Мико затравленно оглянулся. Лес молчал. Свидетелей не было. — Не отдам, — упрямо сказал он. — Закон леса: кто положил, того и добыча. Попробуй отними.
Борислав усмехнулся. В этой усмешке не было ничего человеческого. Только холодная жестокость мира, где прав тот, кто сильнее. — Попробовать?
Он ударил внезапно. Не кулаком. Древком лука — наотмашь, поперек лица. Хруст. Мико взвизгнул, схватившись за разбитый нос. Кровь брызнула на сухую траву. Он, ослепленный болью и обидой, махнул ножом вслепую. Лезвие чиркнуло по рукаву тулупа Борислава, разрезав кожу, но не задев тела.
Этого было достаточно. В глазах Борислава вспыхнула белая пелена. Это уже не спор. Это кровь. Он перехватил руку парня, выкрутил её с хрустом суставов. Нож упал в листву. — Ты на кого железо поднял, щенок?! — прорычал Борислав.

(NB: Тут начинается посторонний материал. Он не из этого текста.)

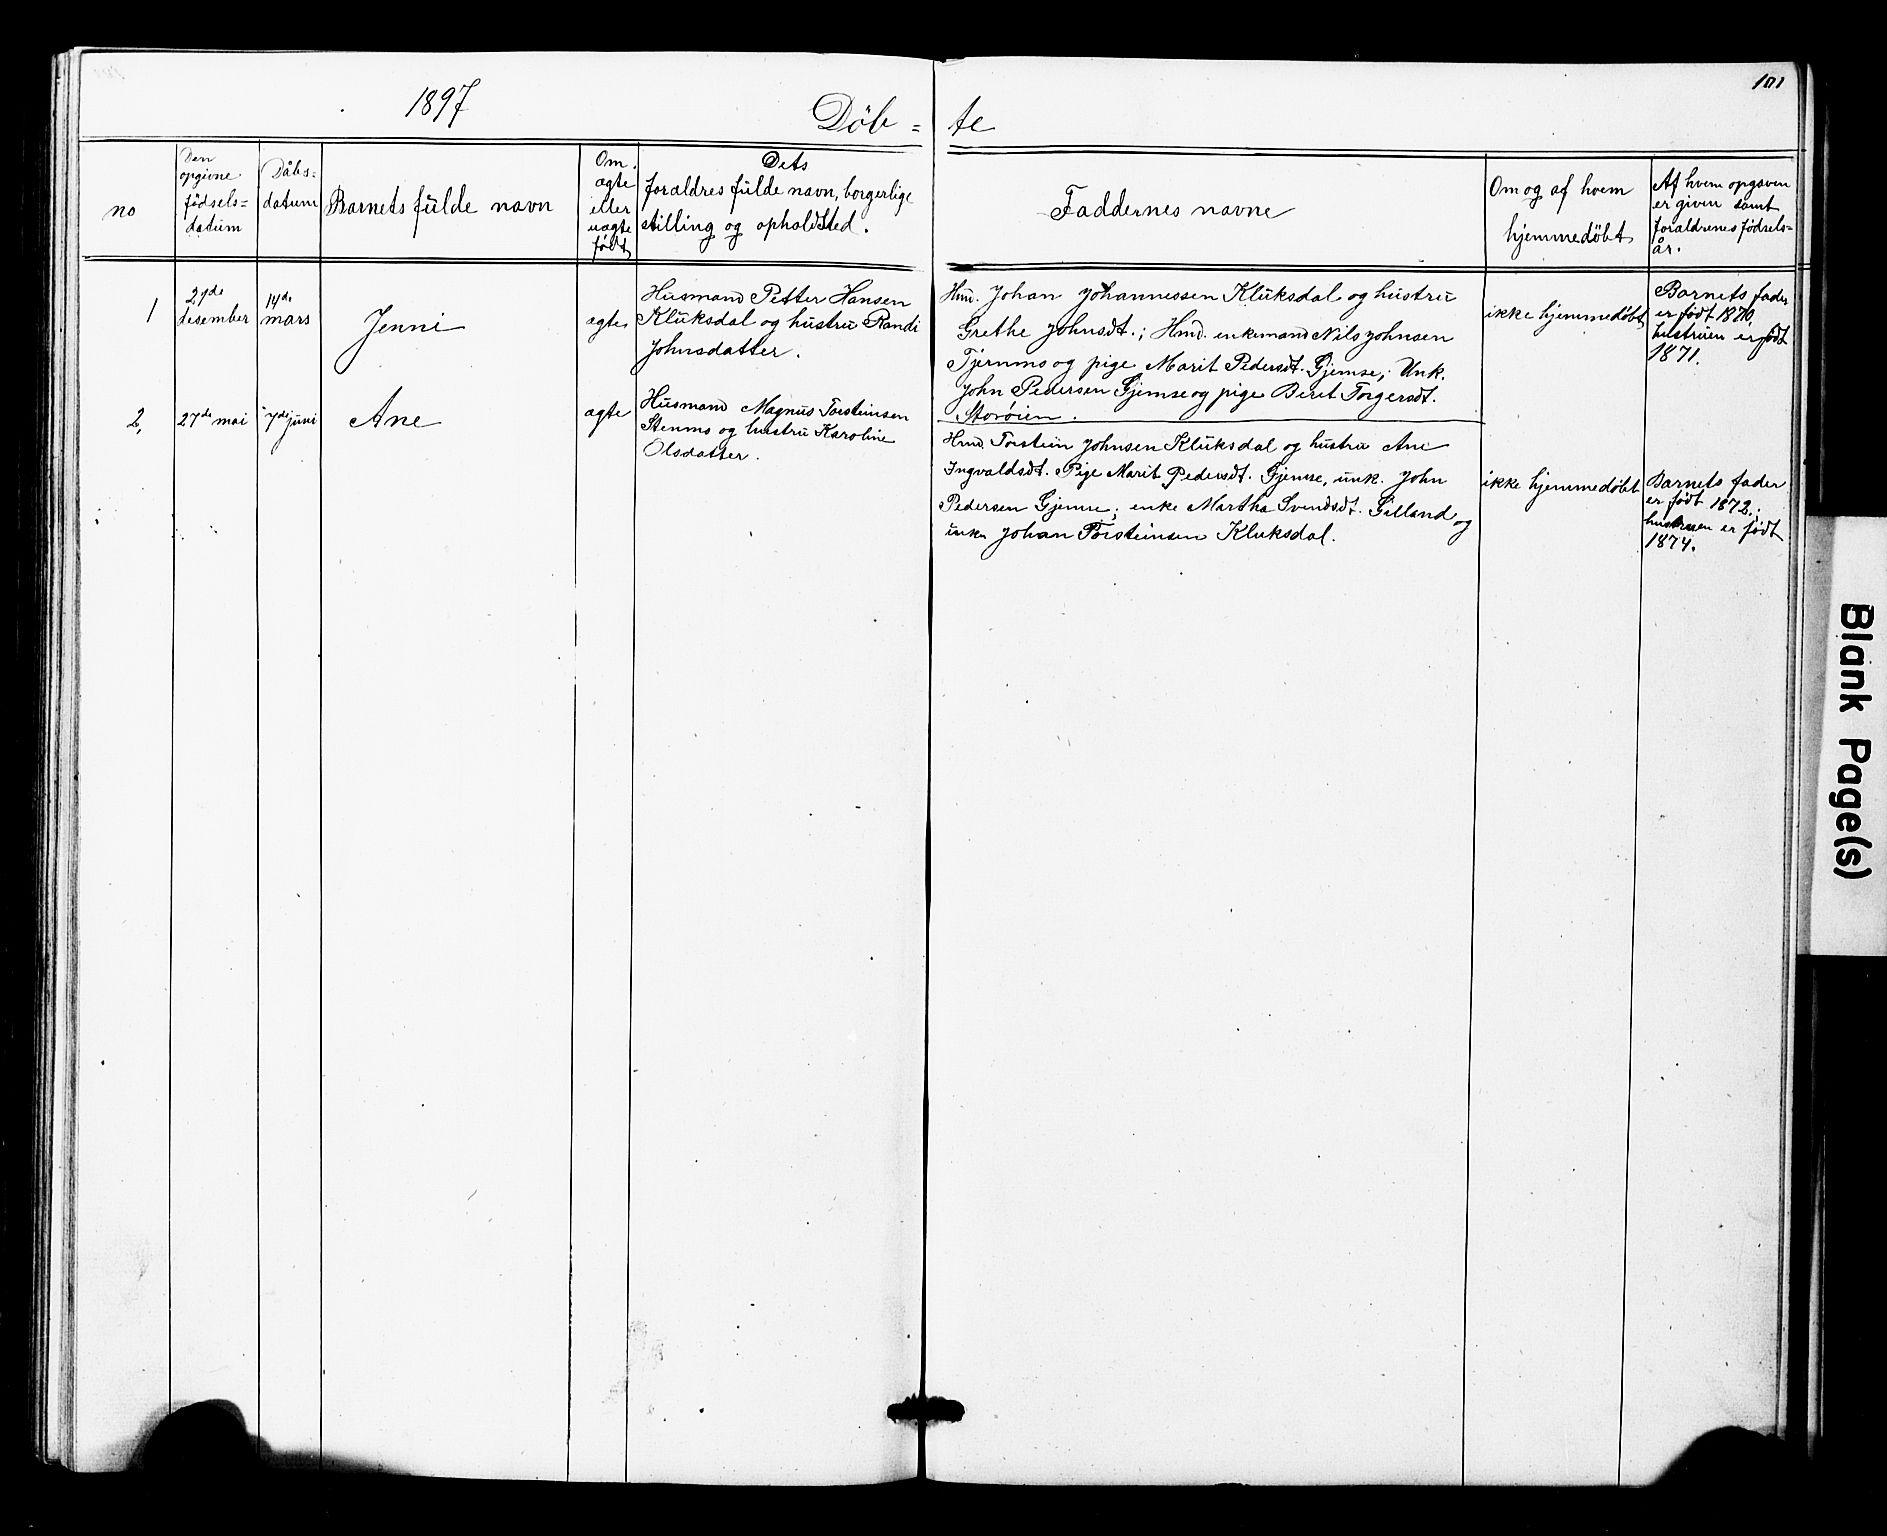 SAT, Ministerialprotokoller, klokkerbøker og fødselsregistre - Nord-Trøndelag, 707/L0052: Klokkerbok nr. 707C01, 1864-1897, s. 101

Он толкнул Мико. Парень упал, споткнувшись об тушу оленя. Борислав выхватил свой засапожный нож — широкий, тяжелый, скрамасакс местного разлива. Он не думал о последствиях. Он не думал о мире, который и так висел на волоске. Он видел перед собой врага. Потомственного врага, который посмел поднять на него руку.
Борислав прыгнул. Коленом придавил грудь мальчишки. — Не надо... — прохрипел Мико, глядя в безумные глаза нависшего над ним охотника. Удар был коротким и жестоким. Под ребра. Вверх. В сердце. Так добивают зверя.
Мико дернулся и затих. Его глаза, удивленно распахнутые, смотрели в серое осеннее небо. Из уголка рта потекла струйка крови, смешиваясь с кровью из разбитого носа.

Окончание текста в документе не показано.